Trump may throw in towel on Seven Springs

Property is one of several under investigation for improper financial reporting

New York /
Oct.October 16, 2020 10:05 AM
Seven Springs in Westchester and Donald Trump (Getty; Trump Org)

Seven Springs in Westchester and Donald Trump (Getty; Trump Org)

The Trump Organization is considering the sale of a sprawling Westchester estate that, after years of the company’s unsuccessful attempts to develop it, has come under investigation.

Local agents said the property, known as Seven Springs, would sell for around $50 million or even less, although President Donald Trump’s business has valued it at nearly six times that figure over the years, the Wall Street Journal reported.

The firm lowered its valuation after agreeing to preserve part of the property, but the New York attorney general’s office is probing whether it received improper tax benefits as a result.

Trump purchased the property in 1995 for $7.5 million, but his plans to subdivide and develop it were stymied.

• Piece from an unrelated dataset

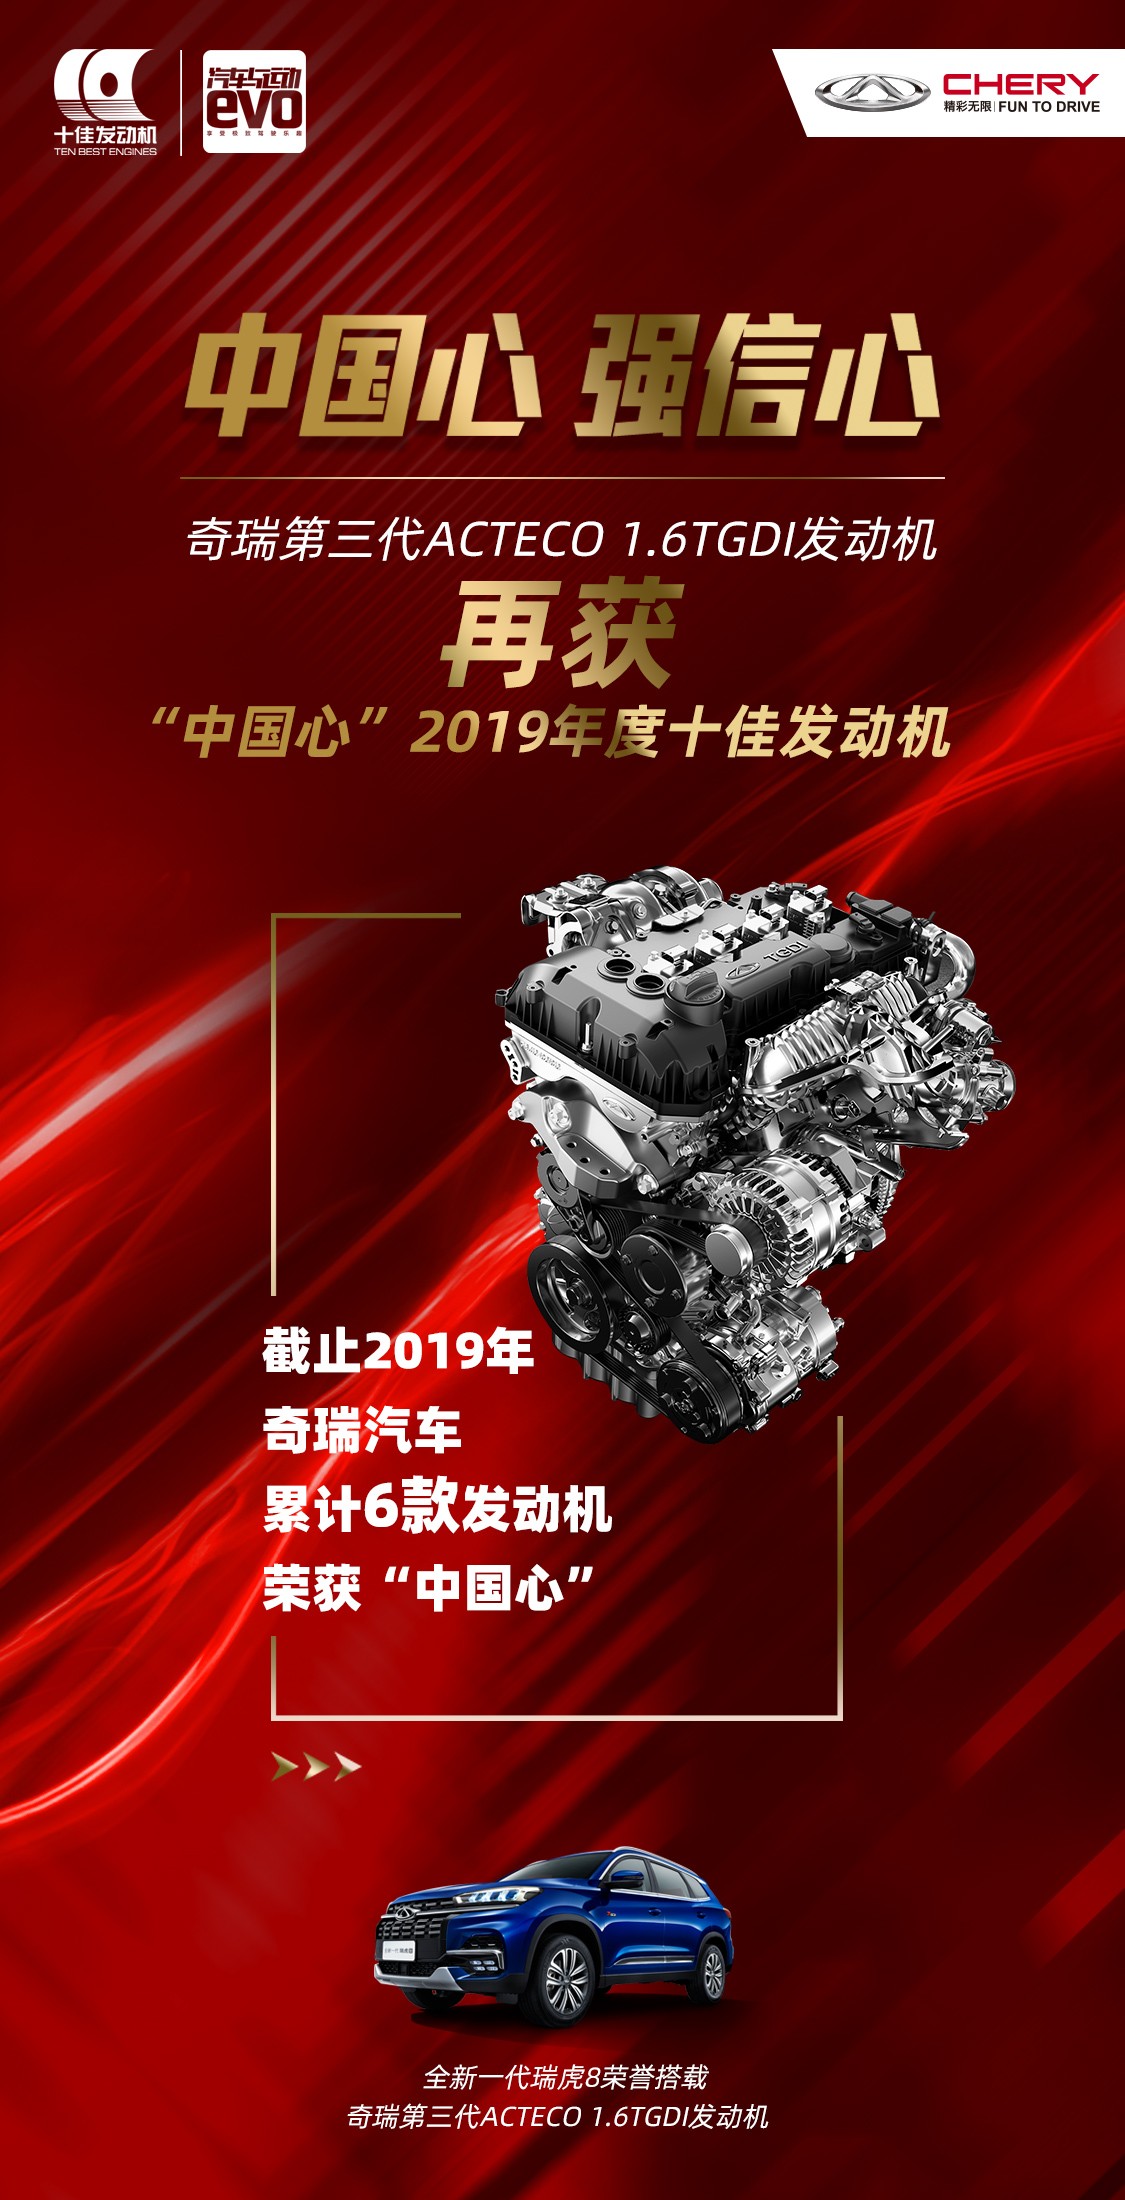 【奇瑞汽车】“中国心”2019年度十佳发动机公布 技术奇瑞再获殊荣

The value of the property — which Trump reported as $261 million in 2011 — was based in part on anticipated revenue from planned residential developments that were never built. A 2012 appraisal pegged the property at $291 million, the New York Times reported.

Trump sought to develop the 213-acre property, first into a golf course, and then into luxury residences, but encountered opposition to both plans — in part because the property straddles three different localities. Trump then entered into a conservation agreement with a nonprofit to not develop 158 acres of woodland.

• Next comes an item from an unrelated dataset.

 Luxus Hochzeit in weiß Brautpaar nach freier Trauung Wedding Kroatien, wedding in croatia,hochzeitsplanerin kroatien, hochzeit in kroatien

That easement was valued at $21.1 million in a 2016 appraisal, conducted for the president’s son Eric Trump, that valued the property at $56.5 million. A 2018 appraisal valued the property at $50 million.

Attorney General Letitia James is investigating the property’s easement to determine whether the original value was bloated and the post-easement value understated — at zero — to inflate the tax benefit of the agreement.

The investigation, which includes several other properties owned by the Trump Organization, was initiated after Michael Cohen testified before Congress in 2019 that the company falsely reported the value of its real estate assets.

The 15-bedroom property, built in 1919 for Eugene Meyer, the first president of the World Bank, drew attention in 2009 when Libyan dictator Muammar Gaddafi paid Trump rent to pitch a Bedouin-style tent there.

The mansion features three pools, an antique bowling alley and two service wings.

The property has not been listed publicly, but a spokesperson for the Trump Organization told the Journal that it is “one of the largest, most valuable and most iconic properties in Bedford” and said that “if the right opportunity presents itself, the Trump family would certainly entertain it.”